For years I have been a tiresome loudmouth in skewering Wal-Mart for a whole bunch of reasons. As if my opinion means anything to anybody, I have characterized Wal-Mart as one of the most irresponsible business firms in world history because of the way it has slaughtered smaller competitors, emasculated its suppliers and abused its own employees. Give me a few seconds and I'll think of some more sins of the Bentonville Brute.

Now, I'm told that Wal-Mart is going to slap around its workers even more. According to news reports the company plans to increase its part-time workforce at the expense of full-time jobs and intends to shuffle work schedules in ways that interfere with the private lives of Wal-Mart employees. I'm not sure what this will mean to workplace benefits like health insurance but if past performance is any guide it won't make them any better.

So why am I feeling guilty? Hand me a hanky and I'll let it all hang out.

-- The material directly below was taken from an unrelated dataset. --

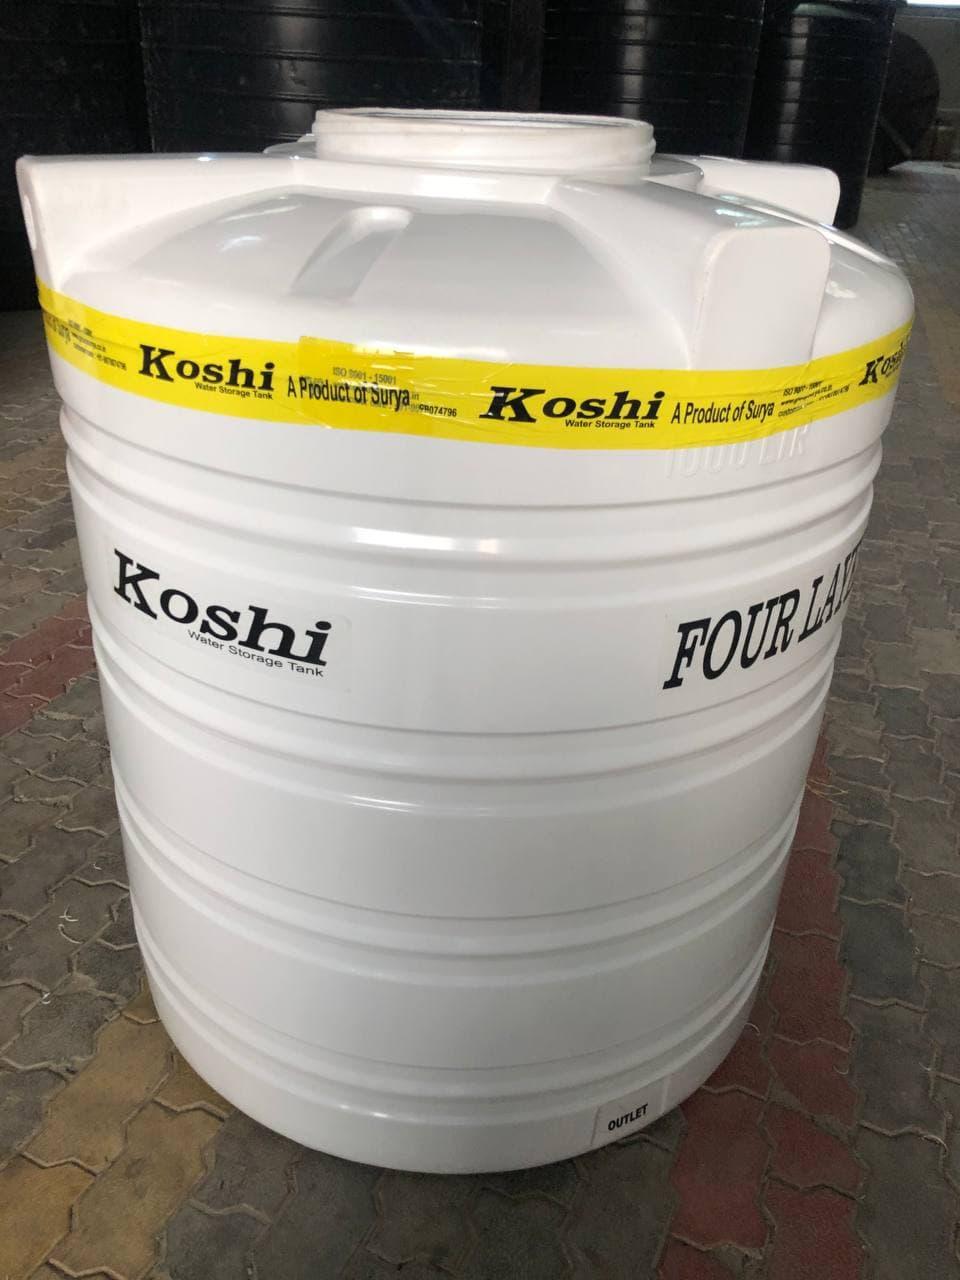 Koshiplast water storage tanks manufacturer (1000 ltr)
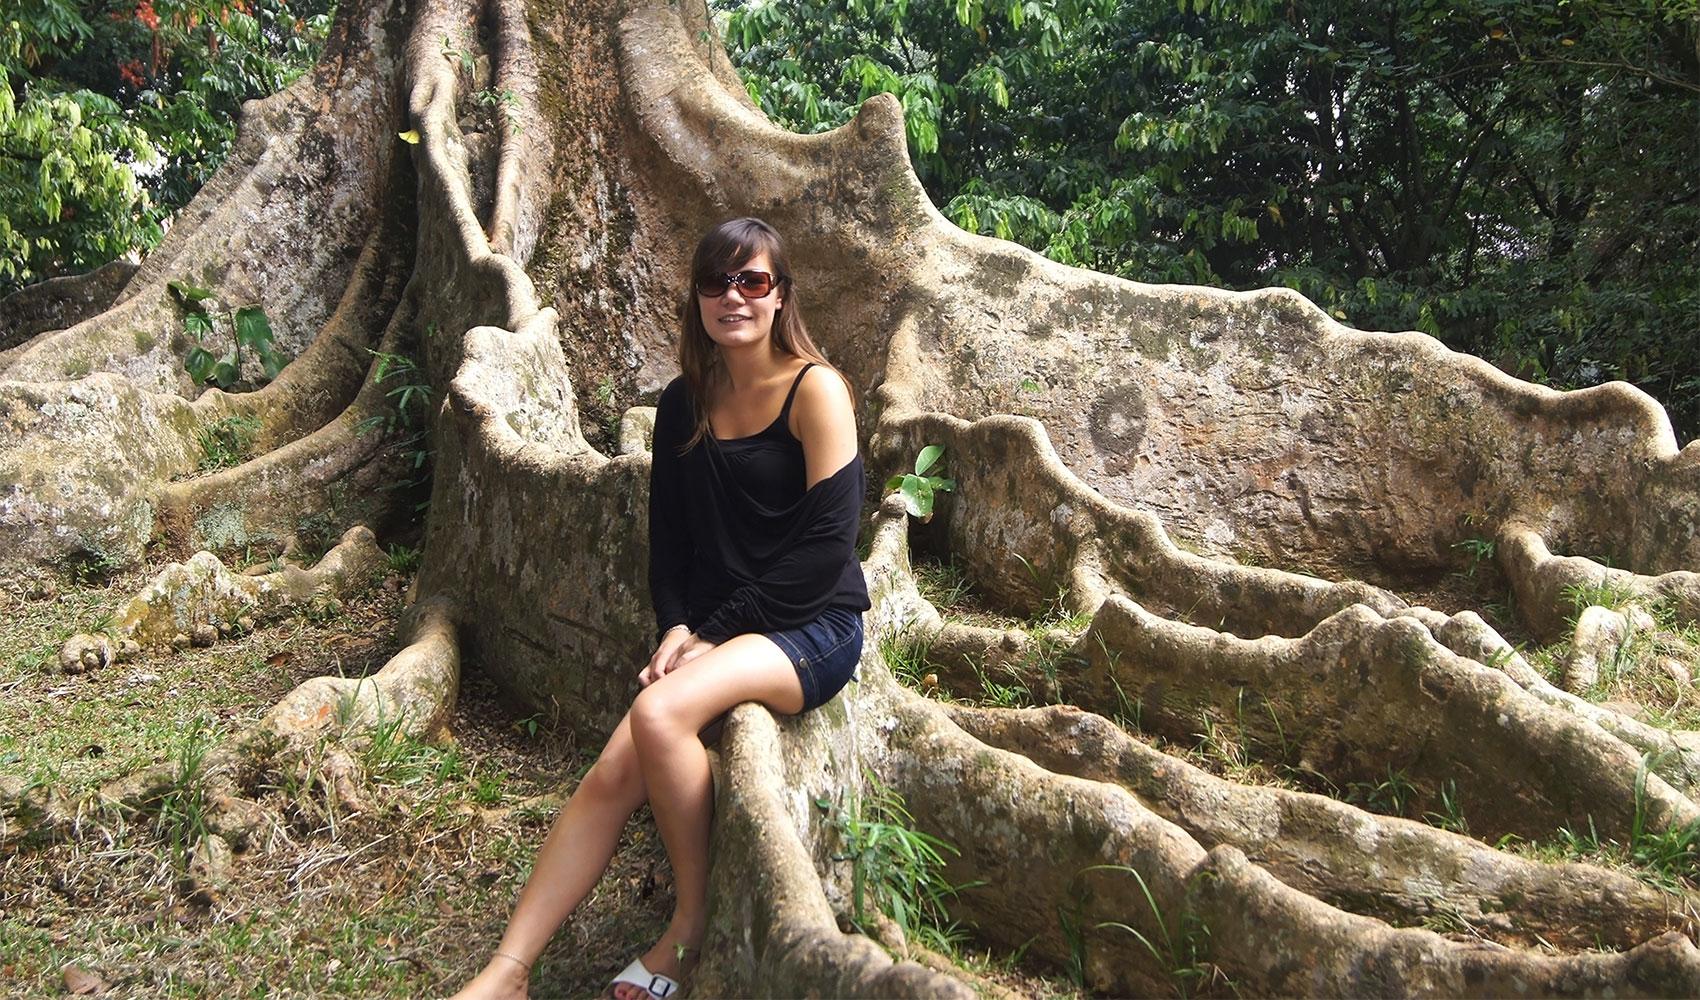 reisspecialist rosselle | rama tours holland hoofdfoto

I feel like I'm talking out of both sides of my mouth because I've found it a pleasure to buy from Wal-Mart. These guys deliver the goods and I'm not talking just about low prices. Like millions of other Americans, I appreciate the customer-orientation of Wal-Mart which has caused it to leapfrog over larger competitors who didn't see this upstart from Arkansas in their rear view mirrors. That's why the chain has become the 800-pound gorilla of the retail world in spite of its adverse impacts on society. People can turn a blind eye to lots of transgressions when they get what they want.

My ambivalence toward Wal-Mart began when I tried to buy some new overalls off the Internet. Penney's didn't have any. Sears didn't have any. Wal-Mart had tons of them and they had a pair on my front porch in just three days. Then came the coup de grace. When I went to the Wal-Mart web site later to check on new shorts (my wife was scandalized by gaping holes in critical areas of my old skivvies) up popped my name on the screen with a cheery message about how much they love me, along with simple instructions on how to get my underwear underway with just one key stroke.

I hate to admit this, but since then I have purchased rather expensive patio equipment from Wal-Mart's web site with equal ease. Other retail web sites tried to make me jump through hoops to place an order. If Wal-Mart can find computer nerds capable of setting up a web site that even an old coot like me can navigate without going nuts, why can't other companies?

It's a mystery to me why competitors of Wal-Mart don't see that the secret of its success lies in what I have just described. If you point out that Wal-Mart's management is cheap and mean-spirited, I won't argue. Yet the company's current leaders don't appear to have forgotten Sam Walton's principle that customers come first, no matter how devastating this might be to everybody else.

You tell me how to fight this and I'll put in with you.